Here at Humanoid, we believe in a future where robots amplify human potential. That’s why we’ve set out on a mission to build the world’s most capable, commercially-scalable, and safe humanoid robots. We’re bringing that mission to life with HMND‑01 Alpha - our rapidly developed humanoid platform now running in real industrial pilots - and we’re growing the team to take it even further.
We're hiring a strong Manipulation Capabilities Engineer to join our team based in London.
In this role, you will work on teaching our robots to manipulate the world around them.
This is a role at the intersection of applied deep learning and robotics, and to be set up for success you need both experience of working with real robot hardware (e.g. identifying issues in control or teleop), and applied deep learning (you don’t have to be an expert on cutting edge neural network techniques, but you should be perfectly capable of curating data, fine-tuning a policy on that data and hypothesising potential mitigations when something doesn’t work).
Post-train manipulation policies via behaviour cloning and RL; own the full loop from data to deployment.
Come up with data preprocessing strategies to improve the quality of collected data.
Work with the simulation team to set up RL training using digital twin, and then iterate on reward and simulation quality to ensure successful transfer to the real world.
Partner with the data collection organization to drive data collection activities for a specific capability: specify what good data looks like, ensure diversity and coverage, and iterate on instructions.
Expand observation and action spaces with new components required to support novel capabilities, and work with the Teleoperations team to expose these components to robot operators.

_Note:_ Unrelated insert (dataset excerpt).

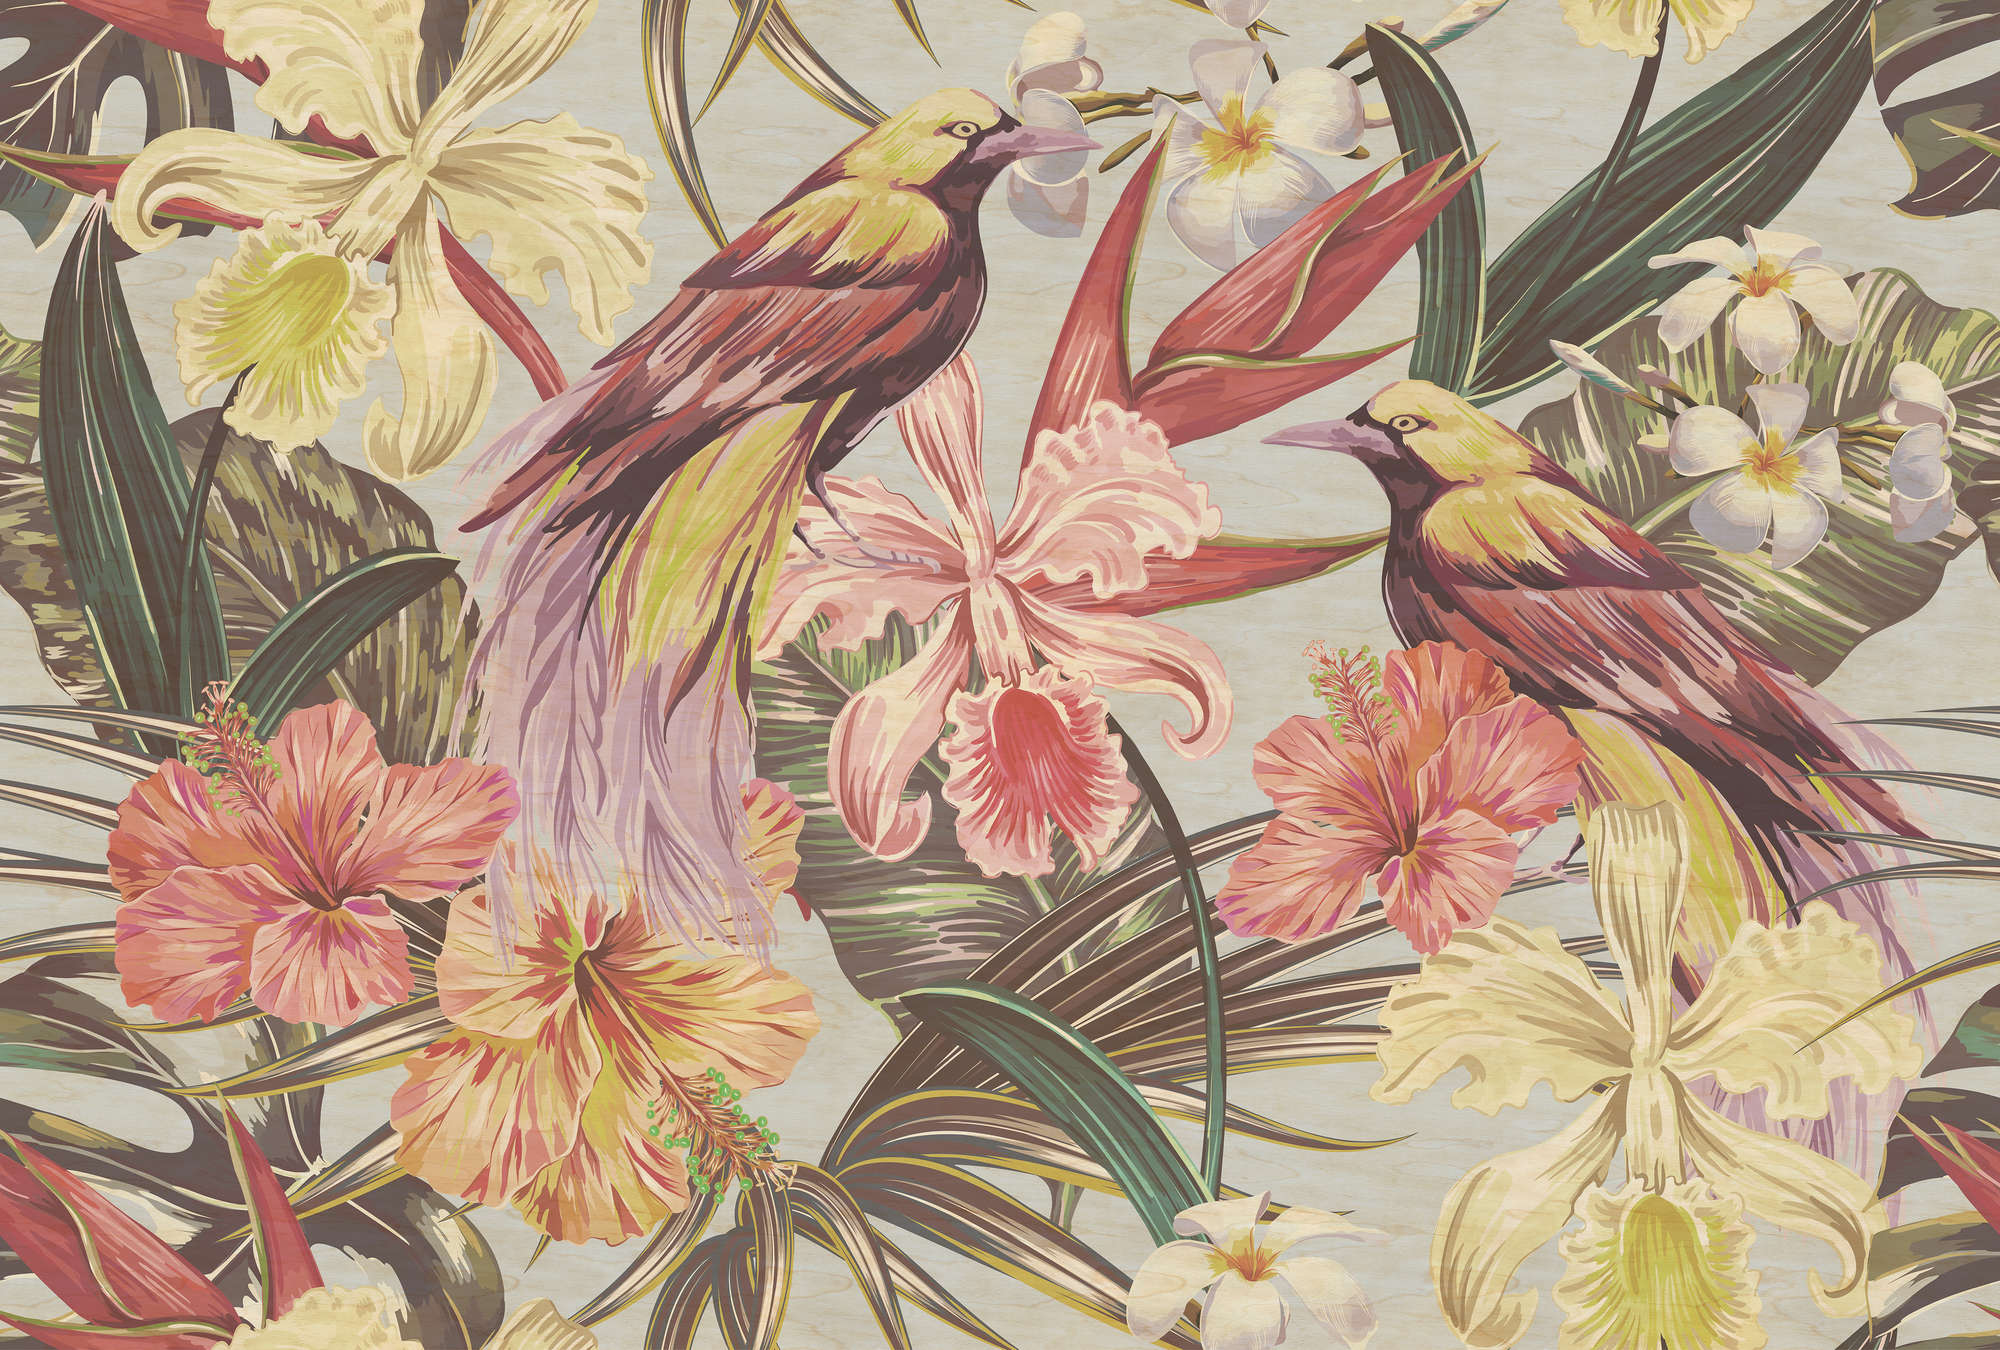             Exotic birds 1 - Exotic birds and flowers wallpaper in plywood structure - Beige, Pink | Matt smooth fleece

Partner with Teleoperations and Controls teams to improve motion smoothness and teleoperation experience.
Interface with hardware design team to ensure that manipulation team findings regarding the current generation of hardware are reflected in future designs.
3+ years working on robots (industry or research) with shipped artifacts to show for it. A good understanding of modern teleoperation and low-level control stack.
Experience with neural network post-training.
Familiarity with deep learning infrastructure: streaming datasets, checkpointing & state management, distributed training, PyTorch or JAX. Ability to profile & debug numerics and write maintainable research code.
Good familiarity with modern software engineering practices.
Ability to document experiments clearly and communicate trade‑offs crisply.
Nice to have:
Experience training VLA models for manipulation (autoregressive, diffusion or flow-matching based). Familiarity with OpenVLA, Physical Intelligence (π) models, or similar open VLA frameworks.
Experience applying RL to robotics problems.
Publications at top-tier robotics or deep learning conferences or equivalent open‑source contributions.
Competitive equity: stock options with meaningful upside as we scale.
30+ days time off, including 23 days annual leave, all UK bank holidays, and additional company closure days (including Christmas–New Year shutdown).
Private healthcare, including virtual and in-person care.
Pension scheme with 8% total contribution (5% employee, 3% employer) on full earnings.
Free daily breakfast, catered lunch, and snacks in-office.
Work at the frontier - collaborate daily with world-class engineers, researchers, and product experts building the next generation of AI and humanoid robotics.
Real ownership - direct access to founding leadership, meaningful input on product direction, and the ability to drive key initiatives from day one.